You are viewing a plain text version of this content. The canonical link for it is here.
Posted to dev@jackrabbit.apache.org by "Jukka Zitting (JIRA)" <ji...@apache.org> on 2006/03/13 14:45:39 UTC
[jira] Created: (JCR-351) Default to superuser access when JAAS is
not configured
Default to superuser access when JAAS is not configured
-------------------------------------------------------
Key: JCR-351
URL: http://issues.apache.org/jira/browse/JCR-351
Project: Jackrabbit
Type: Improvement
Components: security
Versions: 0.9
Reporter: Jukka Zitting
Priority: Minor
Even though JCR-348 made easier to start a Jackrabbit repository with default configuration, the user still needs to take care of the JAAS configuration. It would be more user-friendly to log a warning and default to superuser access rather than throwing a LoginException when JAAS has not been configured. This behaviour should be limited to only default credential logins (Session.login() with null Credentials) and it should be possible to disable it with a configuration option. We could even have this behaviour disabled by default, but enabled in the configuration file used with the JCR-348 automatic configuration.
This is a case against the "secure by default" design principle, but I think that in this case the benefits in easier setup outweight the security drawbacks, especially if coupled with the above restrictions and a clear documentation note about the insecure default.
--
This message is automatically generated by JIRA.
-
If you think it was sent incorrectly contact one of the administrators:
http://issues.apache.org/jira/secure/Administrators.jspa
-
For more information on JIRA, see:
http://www.atlassian.com/software/jira
[jira] Updated: (JCR-351) Default to anonymous access when no
Credentials are given
Posted by "Jukka Zitting (JIRA)" <ji...@apache.org>.
[ http://issues.apache.org/jira/browse/JCR-351?page=all ]
Jukka Zitting updated JCR-351:
------------------------------
Attachment: null-credentials.patch
Attached a patch that fixes this issue by defaulting to anonymous access when no credentials are given in Session.login() and JAAS is not configured. I also added a defaultUserId configuration option to SimpleLoginModule that allows null credentials to be mapped to some other user than anonymous.

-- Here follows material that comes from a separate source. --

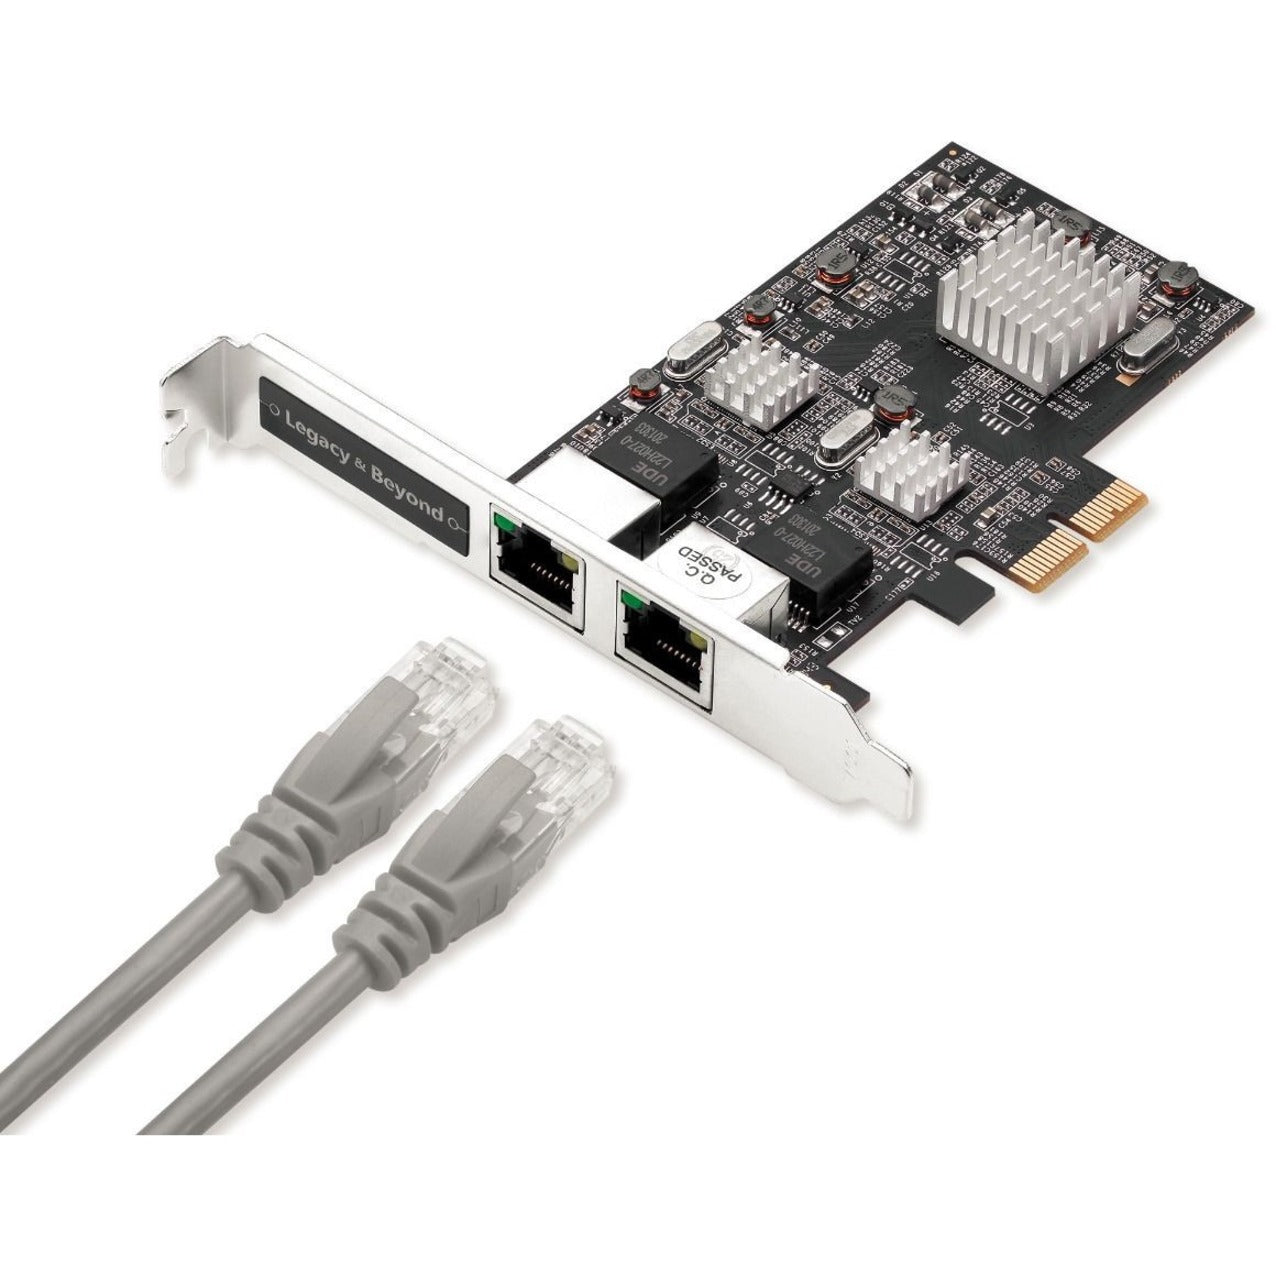 Marca: SIIG Nombre de la marca: SIIG  Tarjeta PCIe de Ethernet Multi-Gigabit de doble velocidad 2.5G 4 conectividad de red de alta velocidad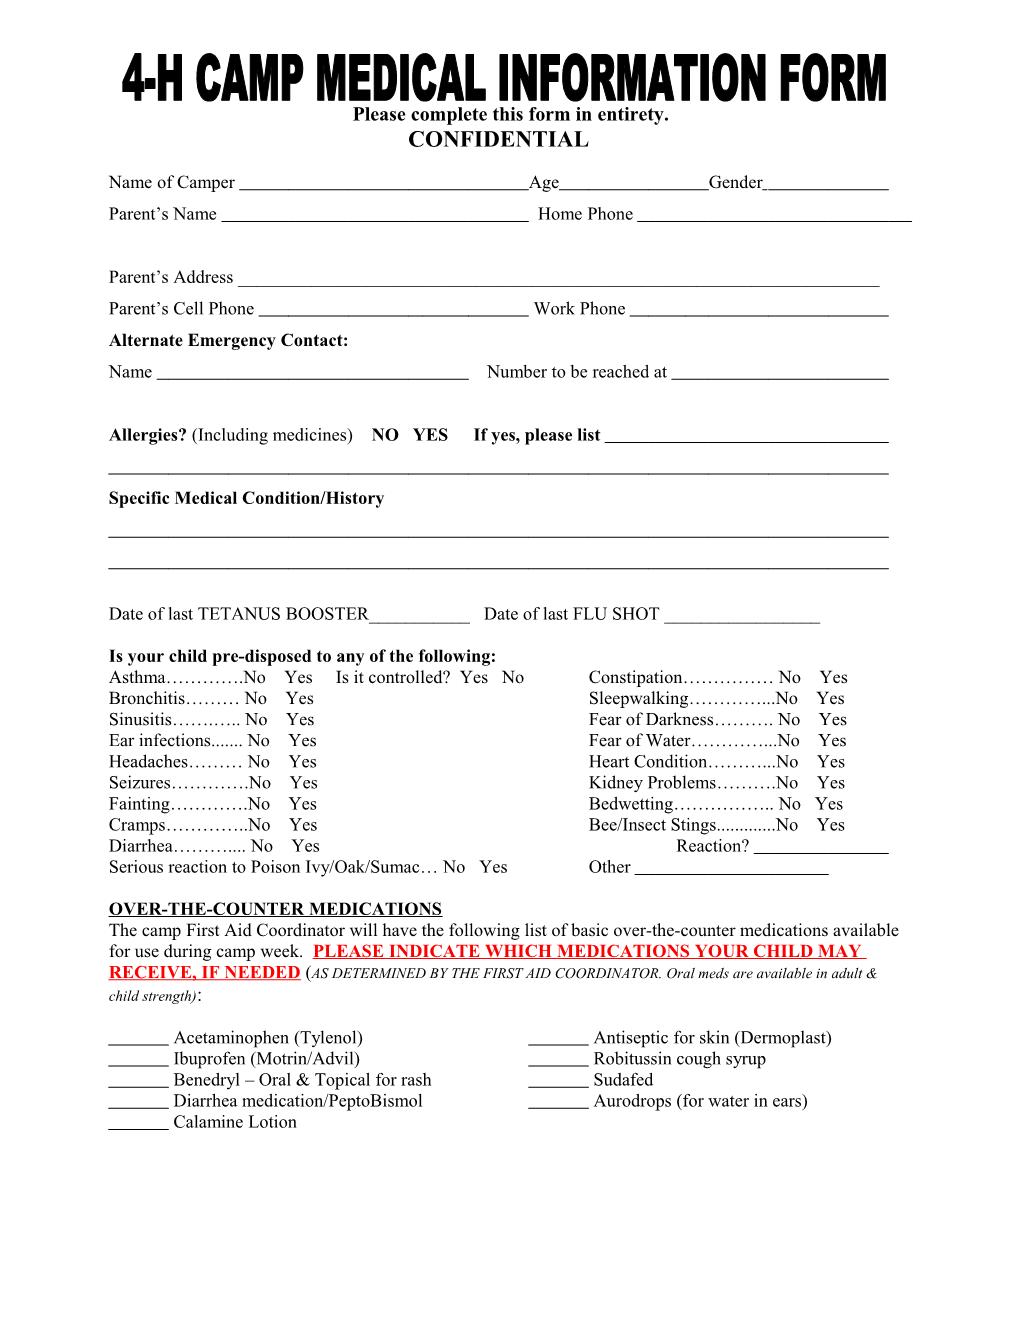 4-H Camp Medication Information Form

The patch contains the following changes:
* RepositoryImpl: Pass null Credentials to a LoginModule for interpretation rather than directly throwing an exception when a JAAS Subject is not available.
* SimpleLoginModule: Default to anonymous access when null Credentials are given. Added (disabled by default) a defaultUserId property for using some other user than anonymous by default.
* repository.xml: Added a note about the new defaultUserId property and a commented out example on how to use it.
The only impact on existing environments is that null Credentials will now be passed to configured LoginModules with CredentialsCallback.setCallback(null) instead of explicitly throwing a LoginException when a JAAS Subject is not available.
I'd like to have this issue as well included in 1.0, as it considerably helps to simplify initial setup. Please comment if you see any problems with this approach or think that the change is too risky for inclusion in 1.0.
> Default to anonymous access when no Credentials are given
> ---------------------------------------------------------
>
> Key: JCR-351
> URL: http://issues.apache.org/jira/browse/JCR-351
> Project: Jackrabbit
> Type: Improvement
> Components: security
> Versions: 0.9
> Reporter: Jukka Zitting
> Assignee: Jukka Zitting
> Priority: Minor
> Attachments: null-credentials.patch
>
> Even though JCR-348 made easier to start a Jackrabbit repository with default configuration, the user still needs to take care of the JAAS configuration. It would be more user-friendly to log a warning and default to superuser access rather than throwing a LoginException when JAAS has not been configured. This behaviour should be limited to only default credential logins (Session.login() with null Credentials) and it should be possible to disable it with a configuration option. We could even have this behaviour disabled by default, but enabled in the configuration file used with the JCR-348 automatic configuration.
> This is a case against the "secure by default" design principle, but I think that in this case the benefits in easier setup outweight the security drawbacks, especially if coupled with the above restrictions and a clear documentation note about the insecure default.
> [Update: As mentioned by Stefan, this is not a JAAS configuration issue but a problem in handling null Credentials. A more proper alternative for superuser access would be to default to anonymous access when credentials are not given.]
--
This message is automatically generated by JIRA.
-
If you think it was sent incorrectly contact one of the administrators:
http://issues.apache.org/jira/secure/Administrators.jspa
-
For more information on JIRA, see:
http://www.atlassian.com/software/jira
[jira] Resolved: (JCR-351) Default to anonymous access when no
Credentials are given
Posted by "Jukka Zitting (JIRA)" <ji...@apache.org>.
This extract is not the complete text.